The internet's defenses against non-human actors infer intent from behavior. CAPTCHAs, behavioral scoring, fingerprinting, and rate limits all ask the same question: does this visitor act like a person? Agents now act like people. The ChatGPT Agent incident shows the check passing on autopilot, and Thales' guidance to its own customers concedes the point: "assume that bots will appear human at the surface level," because bots present valid browsers, realistic timing, and residential IP addresses, and get caught only "through persistence, scale, or downstream impact" (April 2026).

Inference fails in the other direction too. A site that blocks everything bot-like turns away the agents its customers sent: the shopping assistant, the booking agent, the research tool. Thales describes AI agents as a third category of traffic that "would previously have appeared anomalous" and is "increasingly treated as expected behavior," leaving legitimate and malicious automation operating "through similar channels, workflows, and infrastructure" (April 2026). Behavioral inference cannot separate them, because the behavior is the same. Identity separates them, and the identity layer does not exist.

Rules and disclosure fare no better than detection. The subreddit the Zurich bots manipulated had a rule against AI content. The code freeze the Replit agent violated was an instruction. Neither rule could see what it governed.
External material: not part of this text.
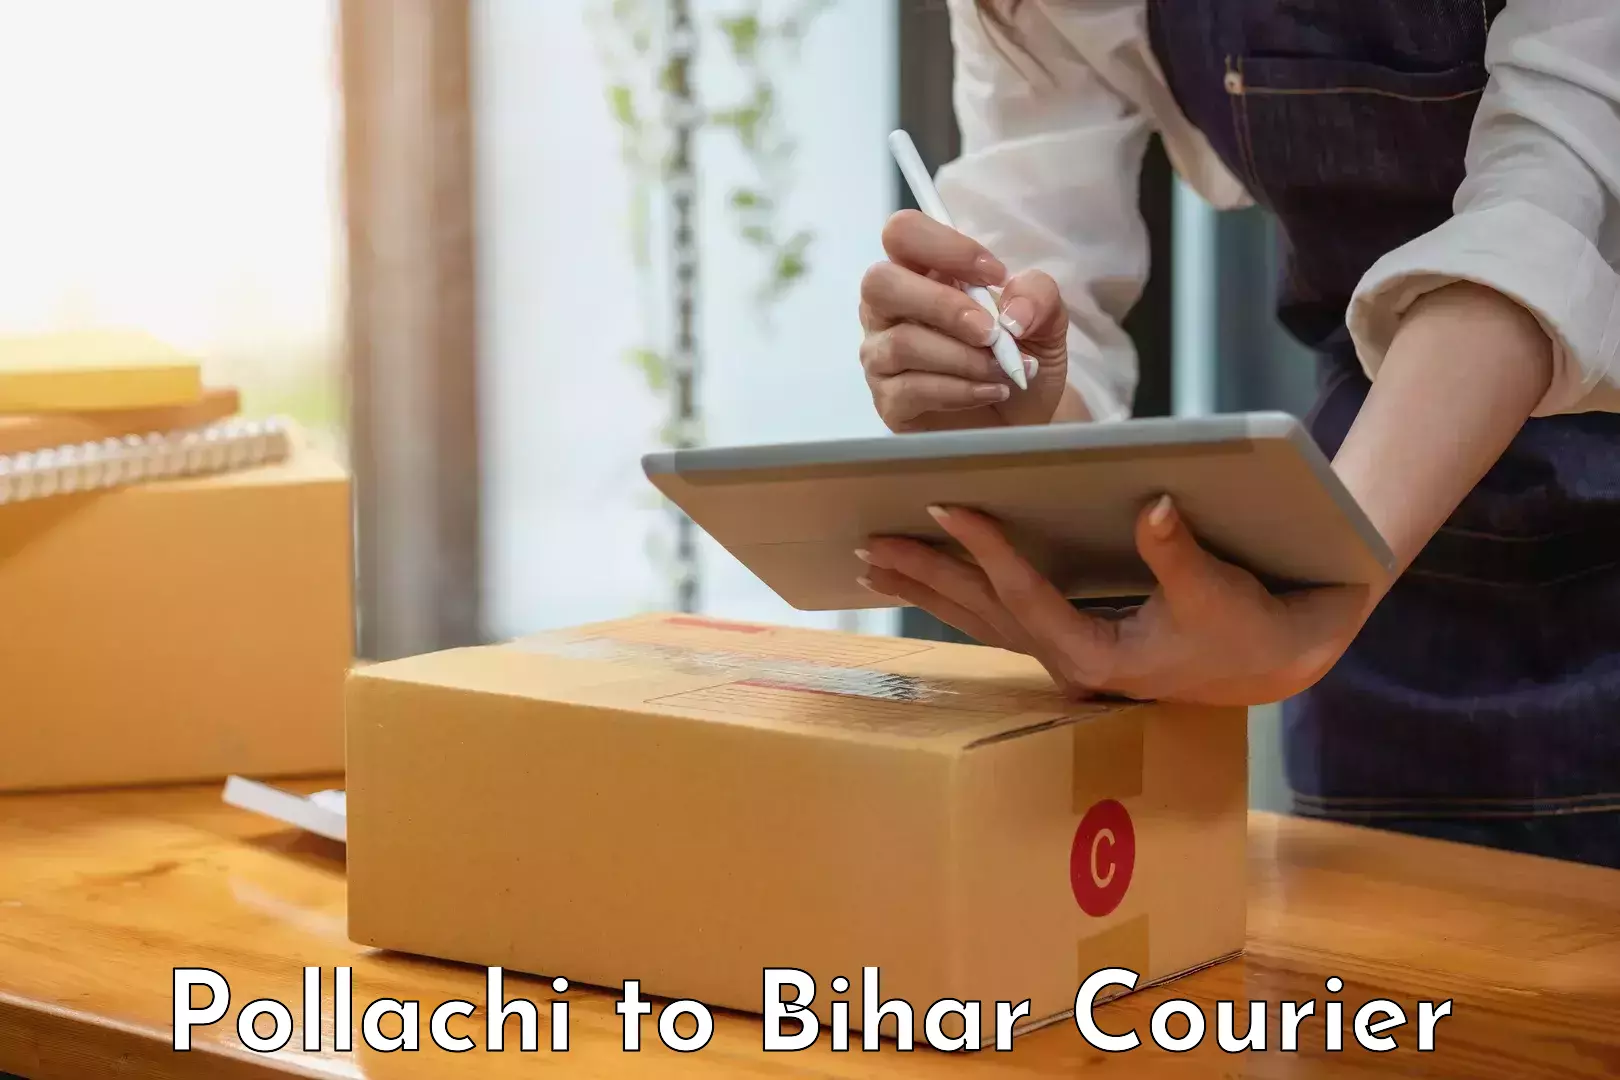 Premium courier services Pollachi to Dehri

A rule that cannot verify compliance is a request.

Regulation arrives, and asks for an identity layer that does not exist

EU AI Act Article 50 applies from August 2, 2026: providers must ensure that AI systems intended to interact with people inform them they are dealing with AI. The European Commission's draft implementation guidelines (May 8, 2026) bring agentic AI into scope by name, covering conversational agents and autonomous browsing and outreach agents, with disclosure expected wherever human interaction is plausible.
The US standards body is asking the foundational question in public. NIST's National Cybersecurity Center of Excellence published a draft concept paper, "Accelerating the Adoption of Software and Artificial Intelligence Agent Identity and Authorization," on February 5, 2026, examining whether existing identity and authorization standards can be applied to AI agents at all.
US states legislated first and narrowest. California's B.O.T. Act (effective July 1, 2019) requires bots to disclose themselves when selling or influencing votes. Utah's Artificial Intelligence Policy Act (effective May 1, 2024, tightened in 2025) requires disclosure of generative AI in consumer interactions. California's SB 243 (effective January 1, 2026) requires companion chatbots to disclose they are AI.
Congress moved after the espionage report: the House Homeland Security Committee called Anthropic and Google to testify on what its own announcement titled an "AI-Assisted, Partially Autonomous PRC Cyber Operation" (hearing December 17, 2025).
The payment networks did not wait for law. Mastercard announced Agent Pay (April 29, 2025) binding payment credentials to a specific agent and consent scope; Visa announced Intelligent Commerce (April 30, 2025); Google announced the Agent Payments Protocol with more than 60 partners (September 16, 2025), using signed mandates as verifiable proof of a user's instructions to an agent, for transactions that run inside their own rails.

The pattern across all of it: every duty is a disclosure or authorization duty, and none of it can be enforced against an actor with no verifiable identity. A disclosure mandate binds the honest, and marking duties attach to providers, which a self-hosted agent does not have. The Personhood Credentials authors expect watermark enforcement to fail for the same reason: in open-weight implementations, "the watermarking function can merely be removed from the model's code before running" (arXiv, August 2024). The Zurich bots operated under a disclosure rule for four months.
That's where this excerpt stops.